That was obvious, he realized, irritated with himself.
'Anchoring, sir,' Southwick reminded him.
'Ah yes. From the way all the ships are on the south side of the bay, we must conclude there's foul ground on the north side. Two cables astern of the seaward British ship; have her bearing northeast.'
Southwick gave a quick helm order to the quartermaster and bellowed to the men to brace the topsail yards sharp up. Sheets were hauled home and the Calypso turned to starboard, hard on the wind for the last few hundred yards.
'Foretop - quarterdeck: that boat's leaving the privateer, sir.'
'She'll be calling on us: keep an eye on the others - especially the John Company ship.'
'Quite a social life, it'll be, sir,' Aitken said, and Ramage was not sure whether the first lieutenant was pleased or depressed.
'Yes, the first time any of us except Southwick has met a merchant ship in peacetime.
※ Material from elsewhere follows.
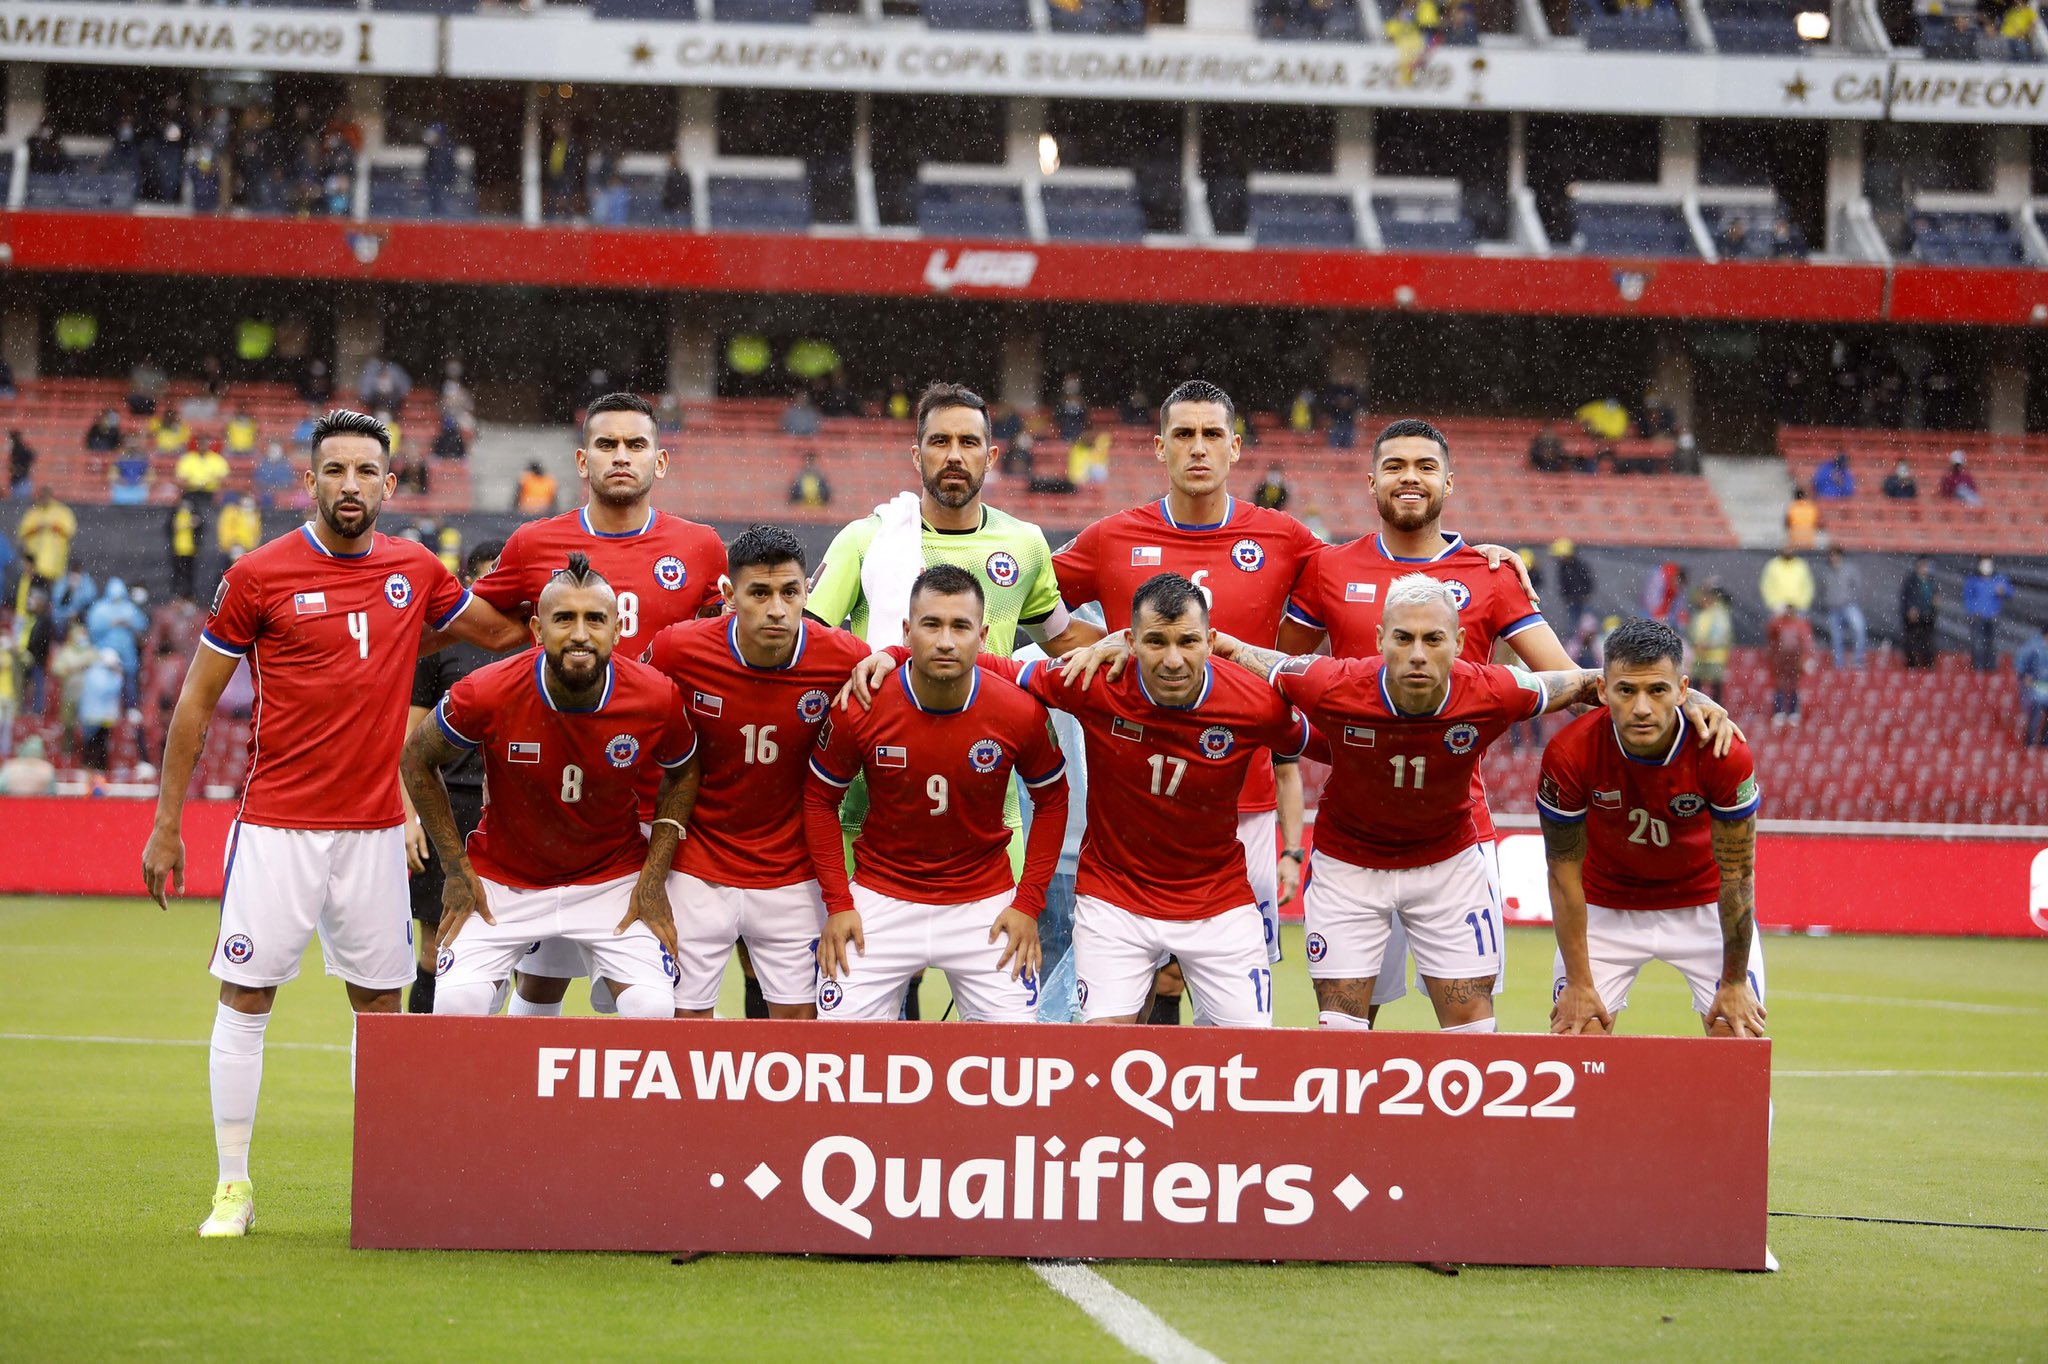 Formación de Chile ante Ecuador, Clasificatorias Catar 2022, 5 de septiembre de 2021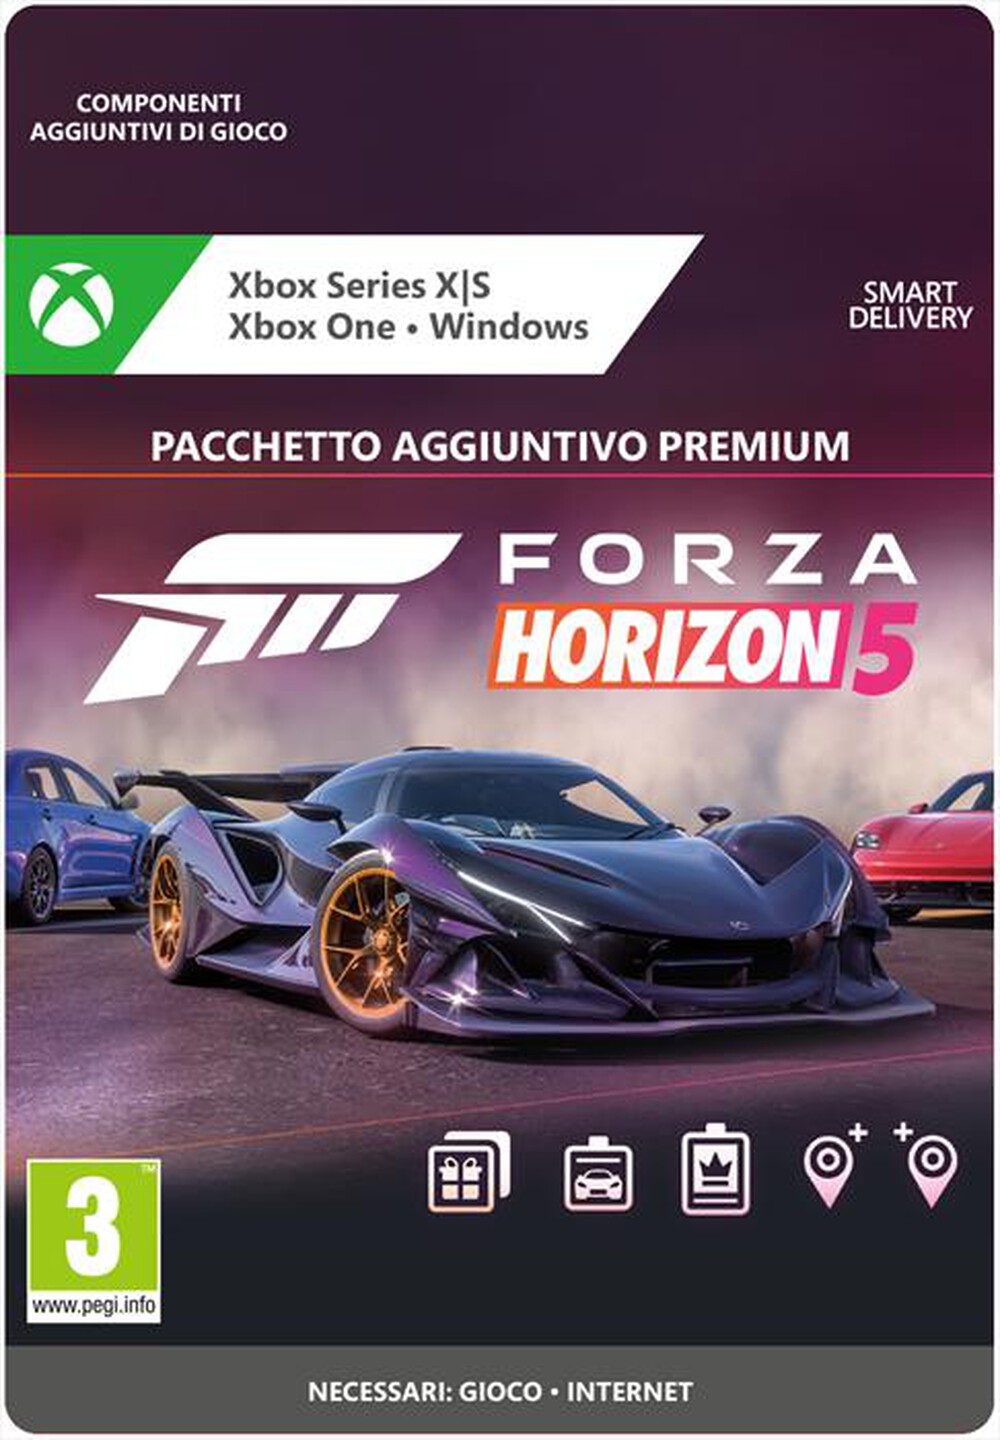 "MICROSOFT - Forza Horizon 5: Premium Addons Bundle"

We must mind our manners: very proud gentlemen, these John Company masters. Always anxious to put the Navy in its place.'
'Aye, and wealthy, too, sir, so I'm told. Silver cutlery, expensive china, only the best wines, fresh meat nearly every day because they carry so much livestock... Even fresh milk.'
'Unless the cow goes dry. But the luxury is for the passengers: they are paying a great deal of money for a first class passage to or from India.'
'These nabobs can afford it!'
'How I envy them,' Ramage said. 'If he had to go to India even your John Knox would have chosen an Indiaman and fresh milk in preference to a frigate and salt tack!'
'Make no mistake, sir, it's envy in my voice, not criticism.' Aitken said with a grin. 'Now, I'd better give Mr Southwick a hand.'
The master gave him a speaking-trumpet and went down to the maindeck, walking forward to the fo'c'sle where a group of men stood near the cable and bitts while others waited at the anchor, now hanging over the side ready for the order to let go.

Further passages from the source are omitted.